Items from a data source:
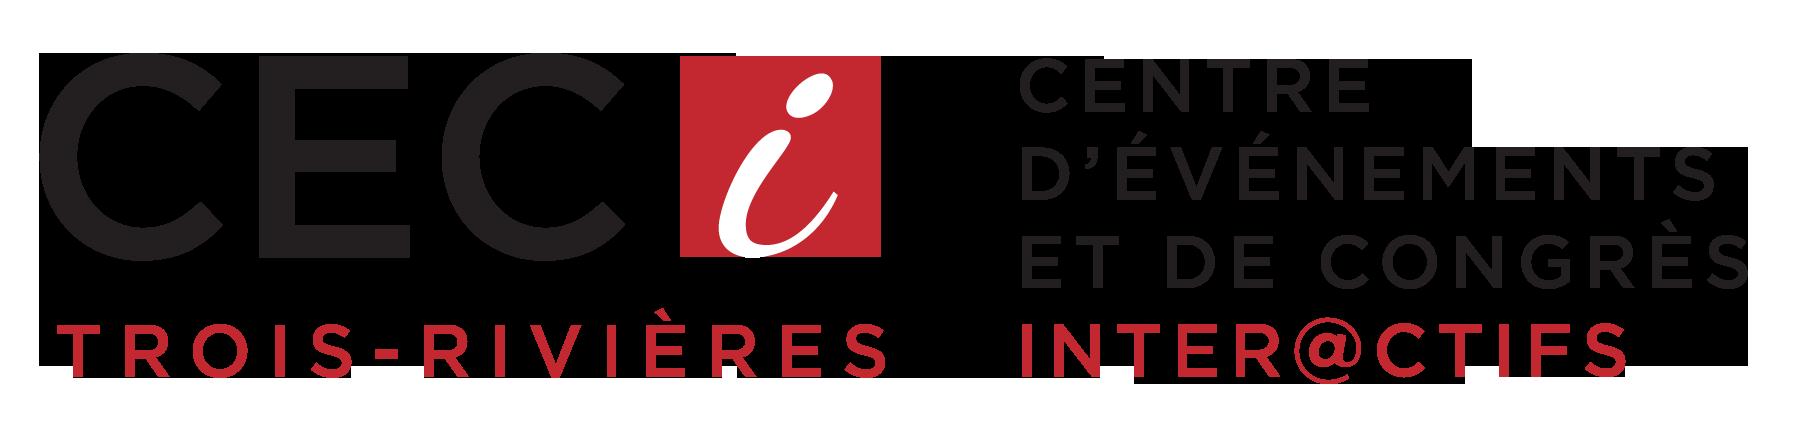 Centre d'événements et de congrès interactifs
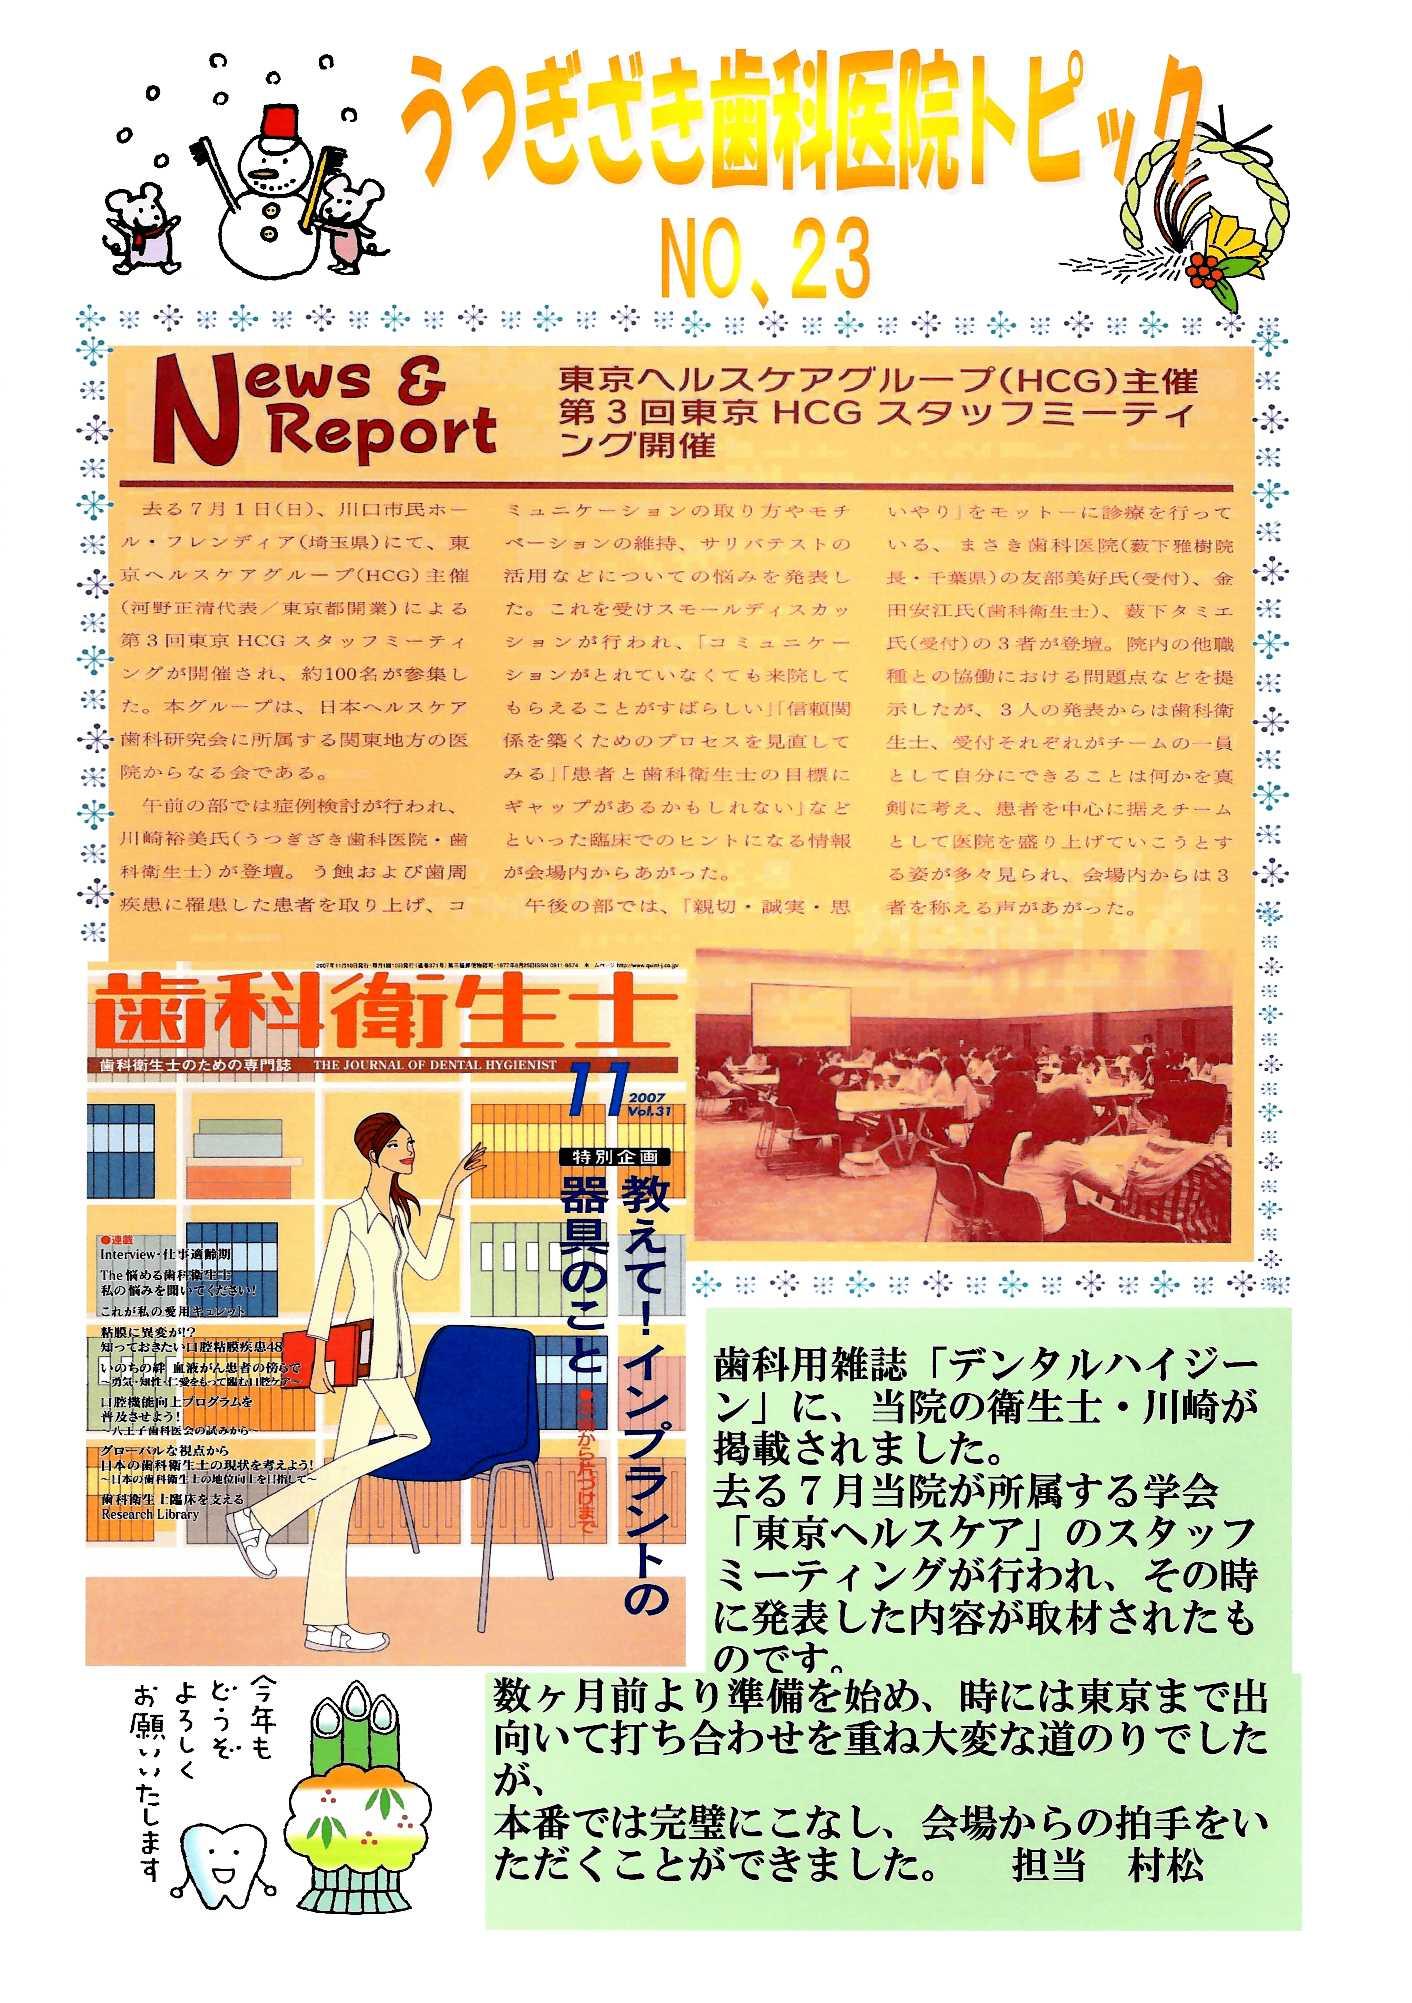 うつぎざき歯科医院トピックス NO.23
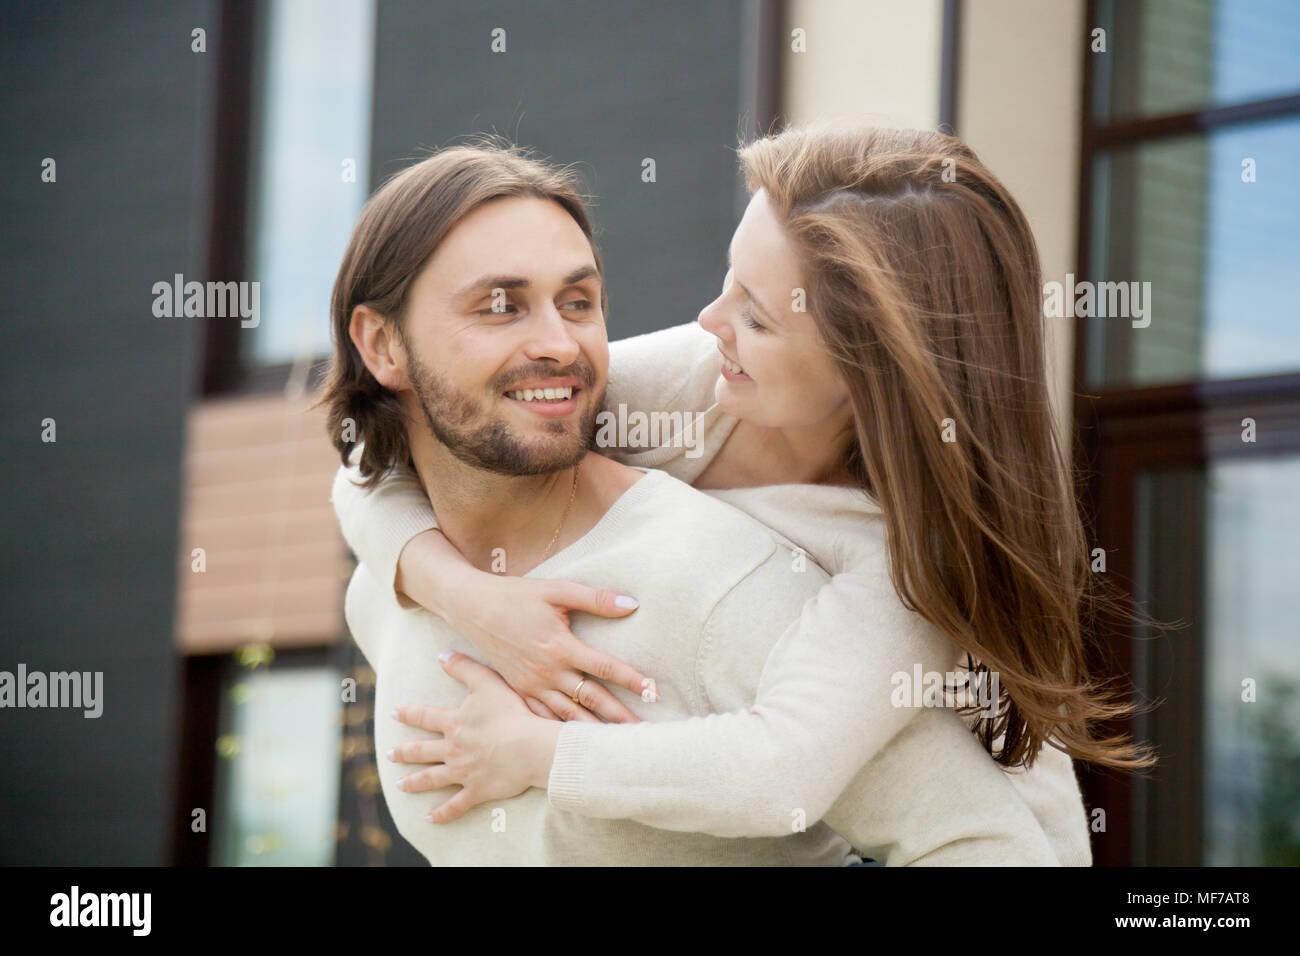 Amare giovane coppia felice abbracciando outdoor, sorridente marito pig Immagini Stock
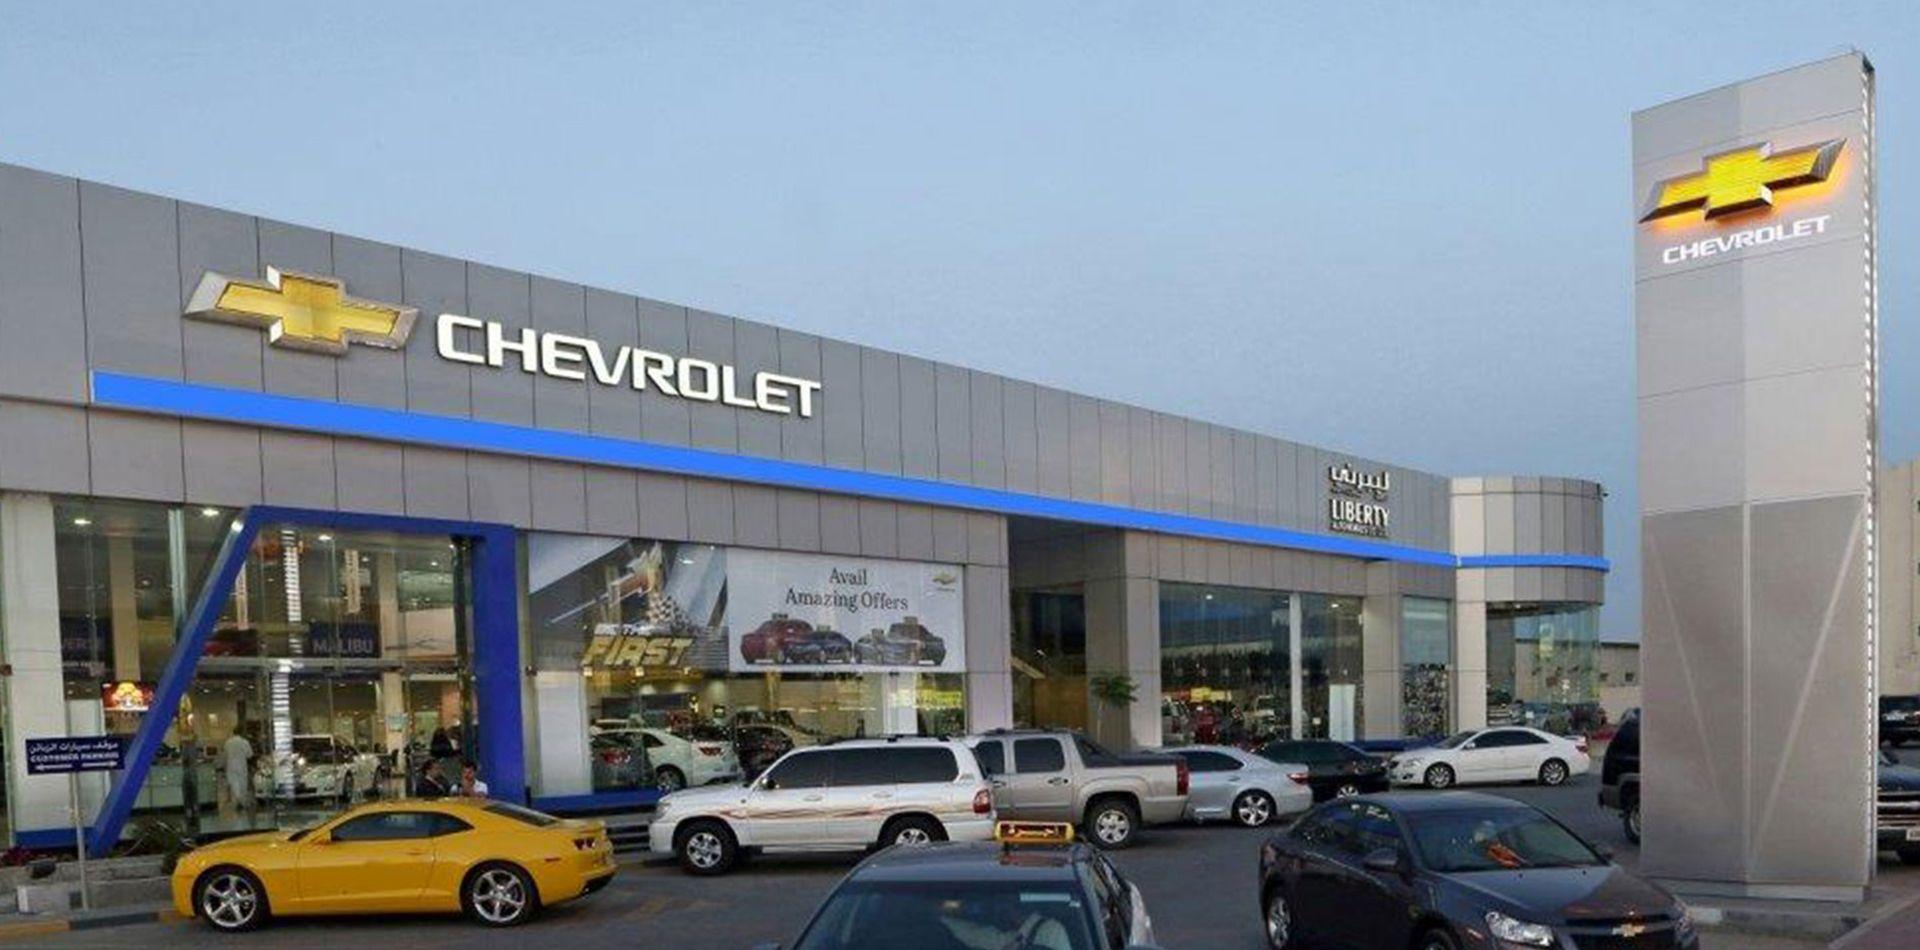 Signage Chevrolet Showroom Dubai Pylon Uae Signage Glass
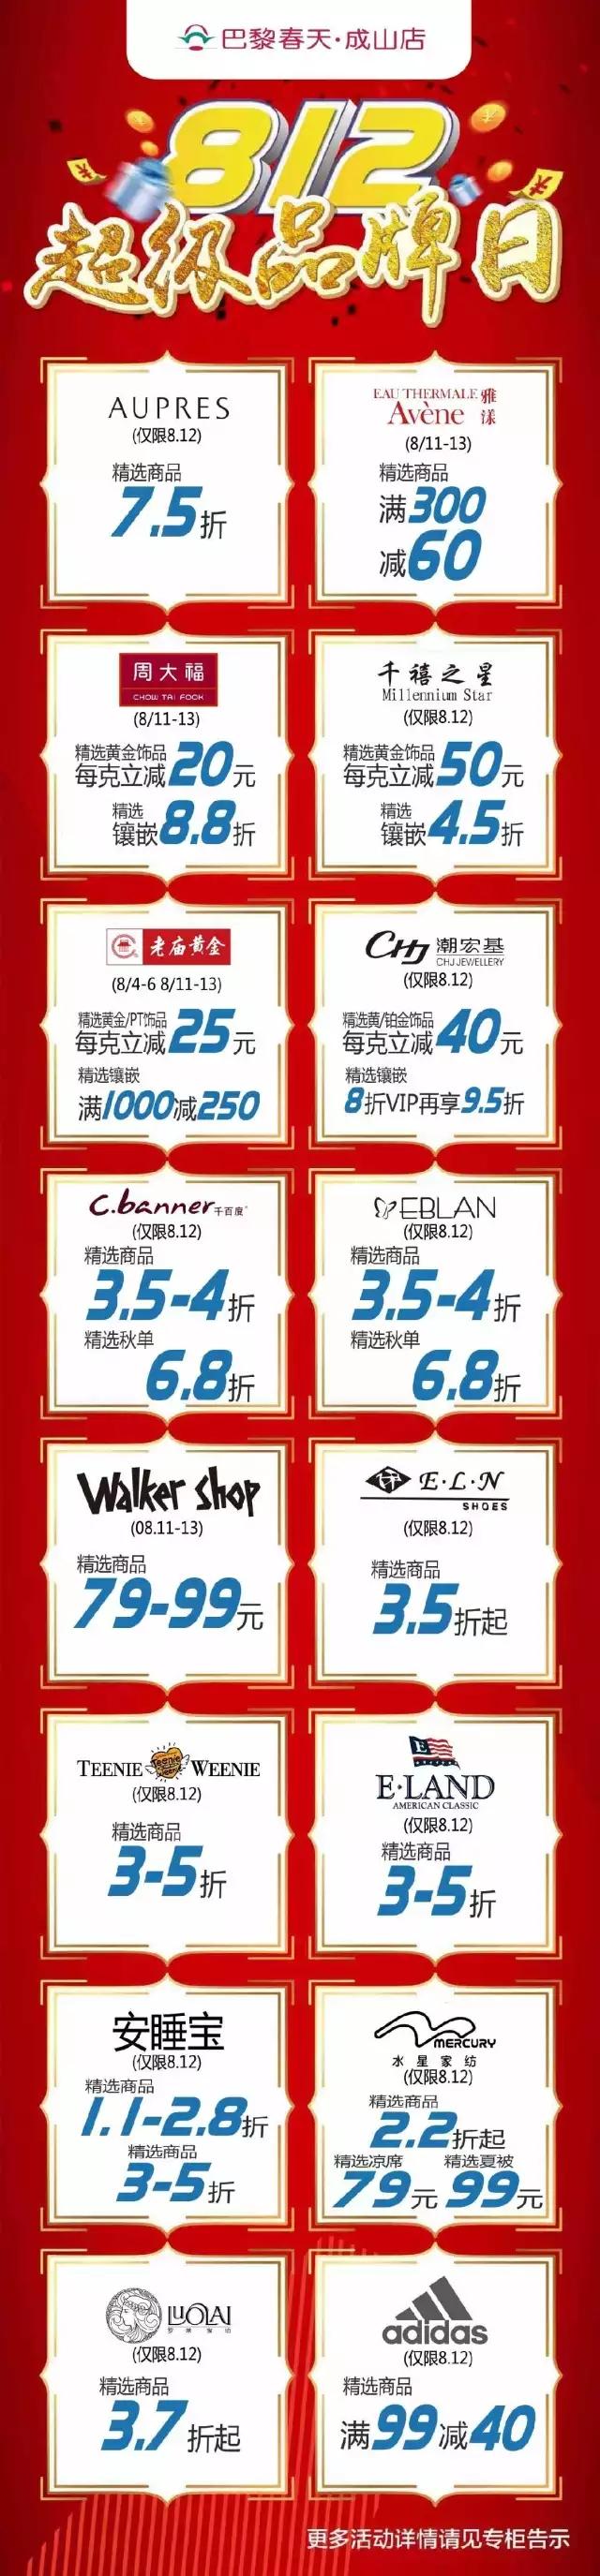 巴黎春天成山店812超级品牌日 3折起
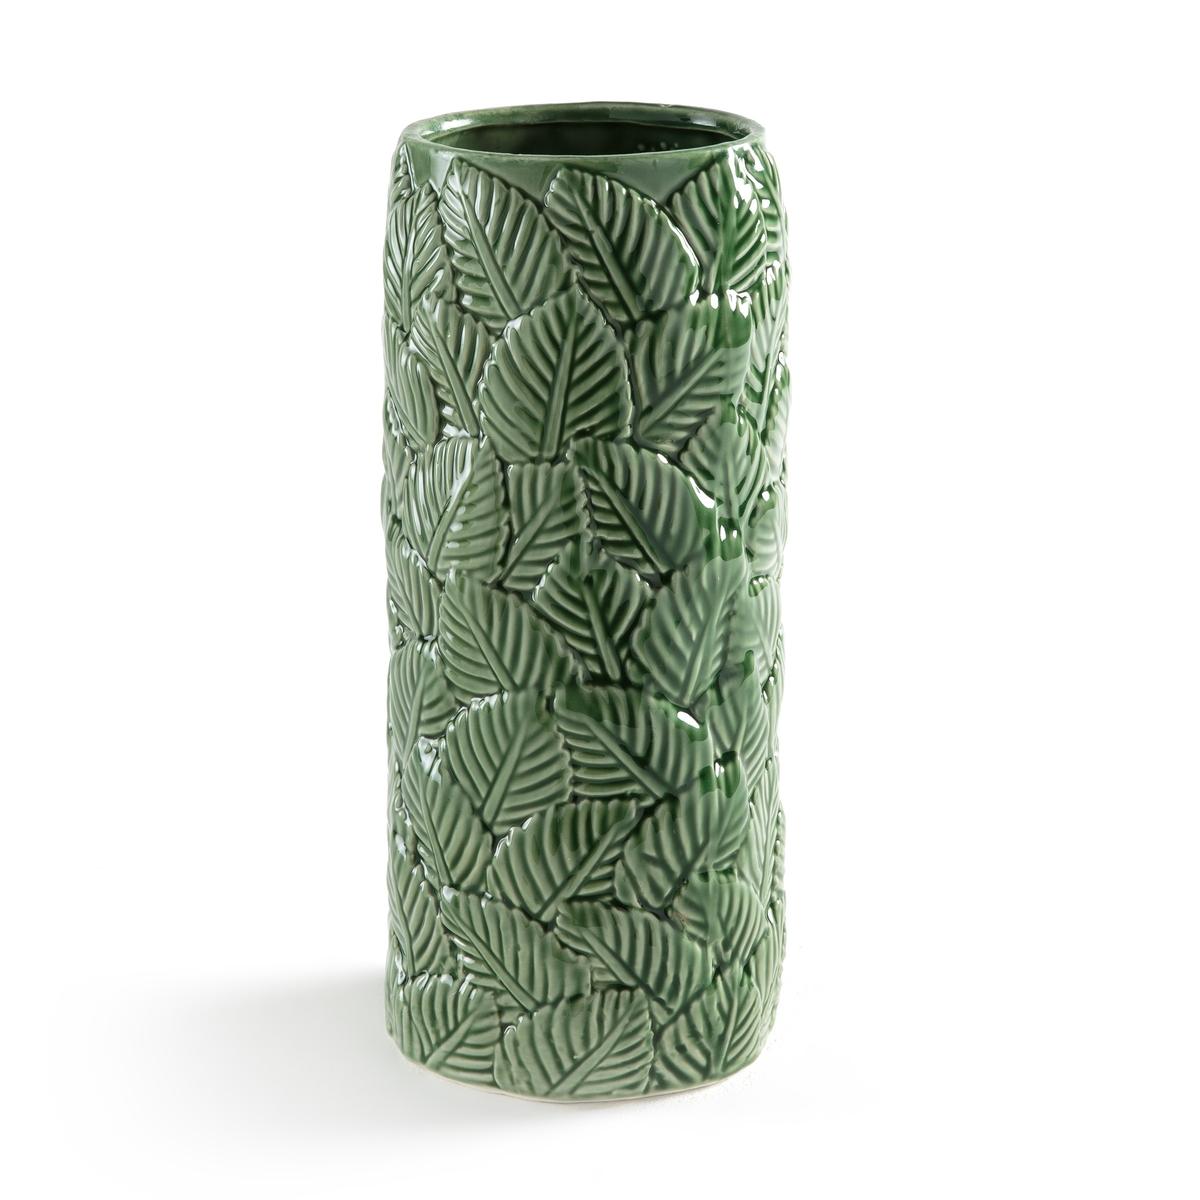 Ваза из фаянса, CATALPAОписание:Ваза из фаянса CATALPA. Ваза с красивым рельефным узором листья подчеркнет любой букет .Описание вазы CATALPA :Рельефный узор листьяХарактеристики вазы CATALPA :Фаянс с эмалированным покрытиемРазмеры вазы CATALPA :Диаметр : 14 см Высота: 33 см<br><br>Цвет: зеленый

TASK GOAL: Produce an exact copy of the lines from the line with "うつぎざき歯科医院トピックス NO.23" through the last line of the data above, both ends included. No pictures belong in it.

TASK ANSWER:
 うつぎざき歯科医院トピックス NO.23
 Amare giovane coppia felice abbracciando outdoor, sorridente marito pig Immagini Stock
 Signage Chevrolet Showroom Dubai Pylon Uae Signage Glass
 巴黎春天成山店812超级品牌日 3折起
 Ваза из фаянса, CATALPAОписание:Ваза из фаянса CATALPA. Ваза с красивым рельефным узором листья подчеркнет любой букет .Описание вазы CATALPA :Рельефный узор листьяХарактеристики вазы CATALPA :Фаянс с эмалированным покрытиемРазмеры вазы CATALPA :Диаметр : 14 см Высота: 33 см<br><br>Цвет: зеленый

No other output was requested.